Should the pound exceed the 1.2300 mark in the near term, the descending 20-DMA will come back into the market focus
After peaking at fresh two-decade highs in the 105.80 area last week, the dollar retreated marginally amid profit-taking. On Monday, the USD index trades lower after a failed attempt to regain the 105.00 mark ahead of the weekend. The greenback has settled around 104.45 during early European hours, shedding 0.25% on the day. Despite some downside correction, the US currency remains on the offensive as the Fed continues to outperform other major central banks, tightening its monetary policy aggressively. As such, the euro looks unlikely to see a robust rebound at this stage despite the ECB is getting more hawkish as well. EURUSD is now back above the 1.0500 figure, but the overall outlook remains bearish in the short term. On the upside, the key target remains represented by the descending 20-DMA that arrives at 1.0630, followed by the 1.0800 mark that has been capping gains since last month. Still, the path of least resistance remains to the downside at this stage.
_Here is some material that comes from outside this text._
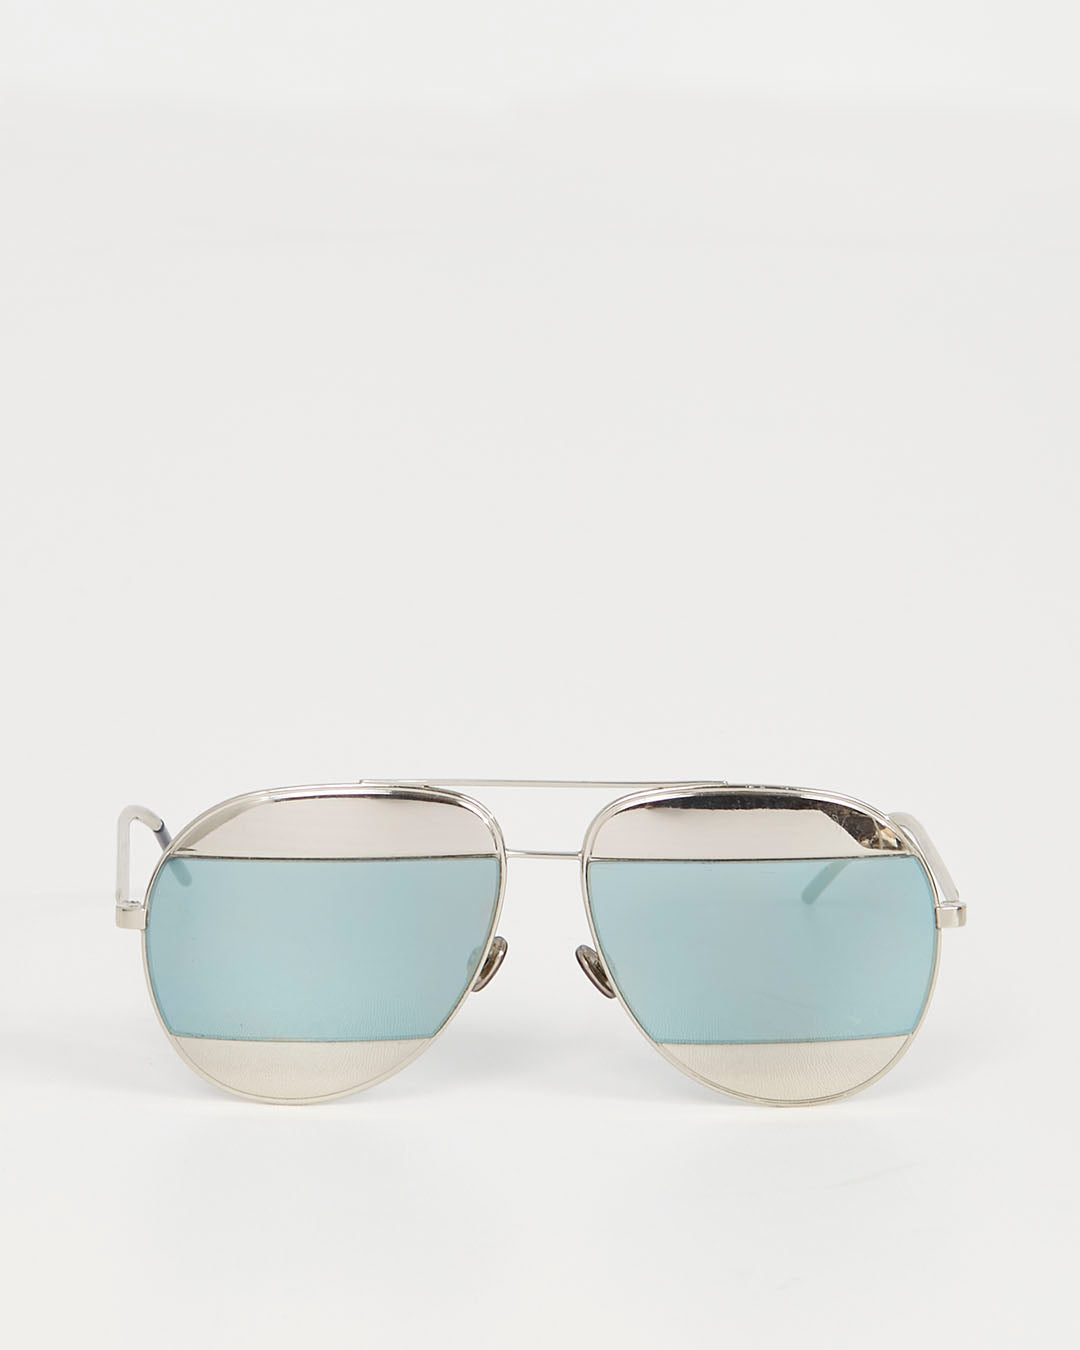 Dior Silver Split Aviator Sunglasses
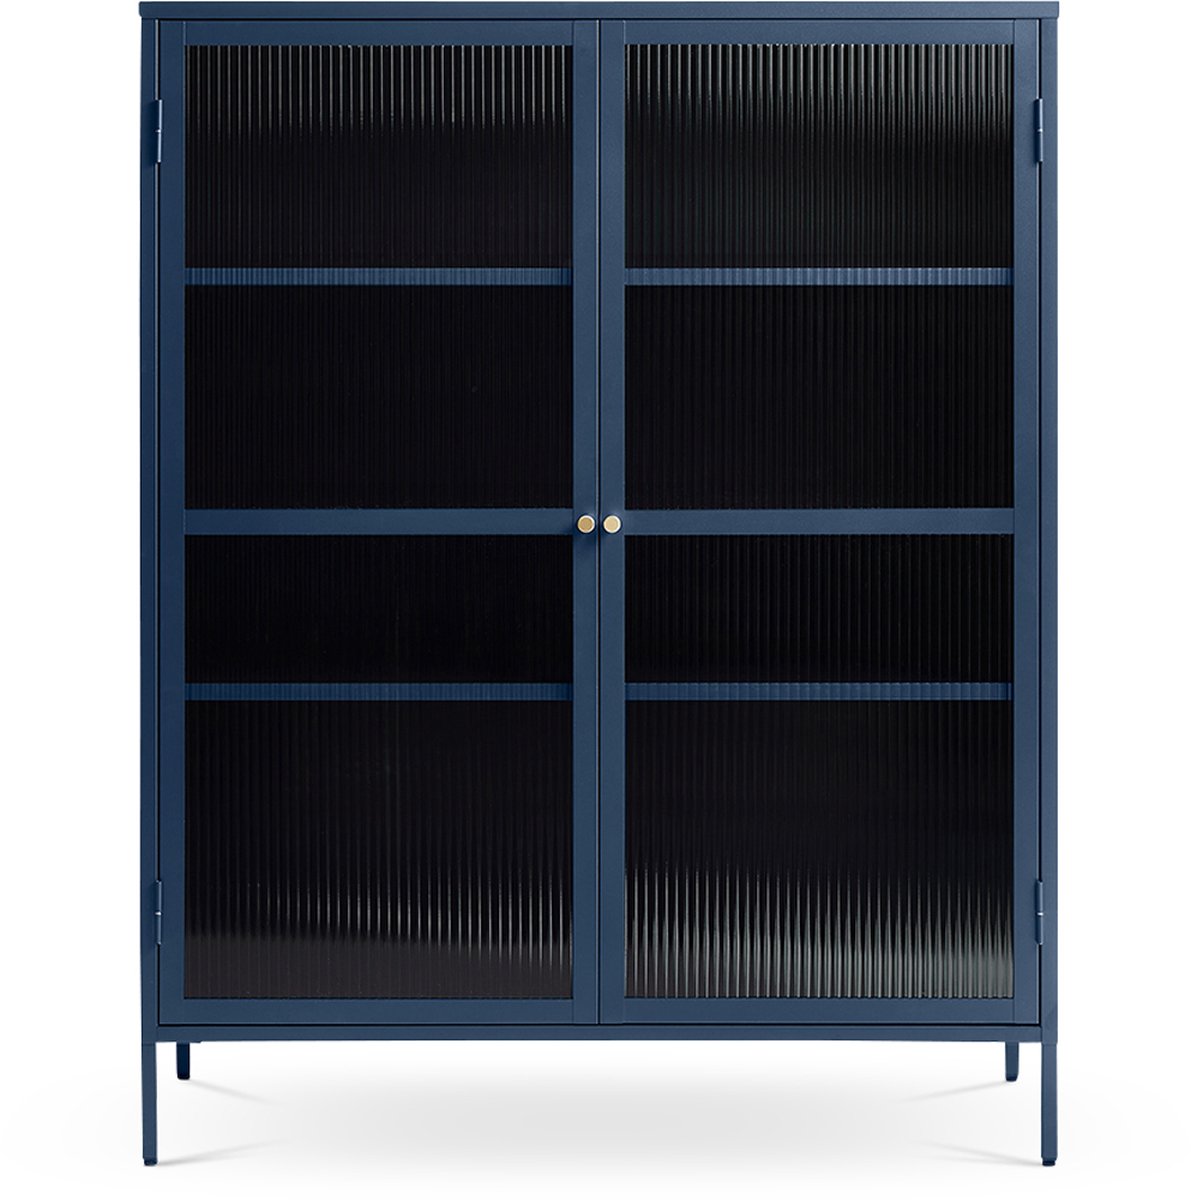 Olivine Katja metalen vitrinekast - 111 x 140 cm - Blauw

The cable is back in positive territory on Monday after a plunge witnessed ahead of the weekend. The pair is now regaining ground above the 1.2200 figure, struggling around the 1.2260 zone that represents the immediate upside barrier for the time being. Should the pound exceed the 1.2300 mark in the near term, the descending 20-DMA, today at 1.2435, will come back into the market focus. However, the pair is unlikely to regain this moving average anytime soon as the greenback remains buoyed despite some retreat. In the four-hour charts, GBPUSD is inching higher, holding above the ascending 20-SMA, but the directionless RSI in neutral territory suggests the upside potential is limited from here. On the downside, the immediate support now arrives at 1.2200, followed by 1.2170 and the 1.2130 region. In a wider picture, bearish risks persist as long as the prices stay below the 200-week SMA, today at 1.3080.
USDJPY rallied back to the area of long-term highs on Friday to finish just a few pips below the 135.00 handle. Today, the pair turned marginally negative after a failed bullish attempt during the Asian session. The dollar was last seen changing hands around 134.75, shedding 0.14% on the day. The nearest support now arrives at 134.00, followed by 133.80 and the 133.00 mark. The daily RSI turned slightly lower today. But the overall technical picture remains bullish, especially as the buck refrains from a deeper bearish correction despite the extremely overbought conditions. Adding to positive outlook, the pair stays above the ascending 20-DMA, currently at 131.40. On the hourly timeframes, the technical picture looks neutral at this stage, with the RSI directionless around the 52 figure while the prices are stuck between the key simple moving averages.
USDCHF is back under pressure after a short-lived and modest bounce witnessed ahead of the weekend. The pair seems to have found a short-term bottom around 0.9620 late last week and could retest this zone if the pressure persists in the near term. On the upside, USDCHF needs to overcome the 20-DMA, today at 0.9710, in order to stage a more decisive recovery towards three-year lows seen last month around 1.0065. On the longer-term charts, the technical picture has deteriorated over the last two weeks, with the weekly RSI suggesting the dollar could continue to struggle for some time. However, the bearish potential is limited as long as the prices stay above the 0.9511 zone where the 20- and 200-week SMAs converge. As of writing, the dollar was changing hands around 0.9640, down 0.6% on the day. The nearest upside target now arrives at 0.9665, followed by the mentioned 20-DMA.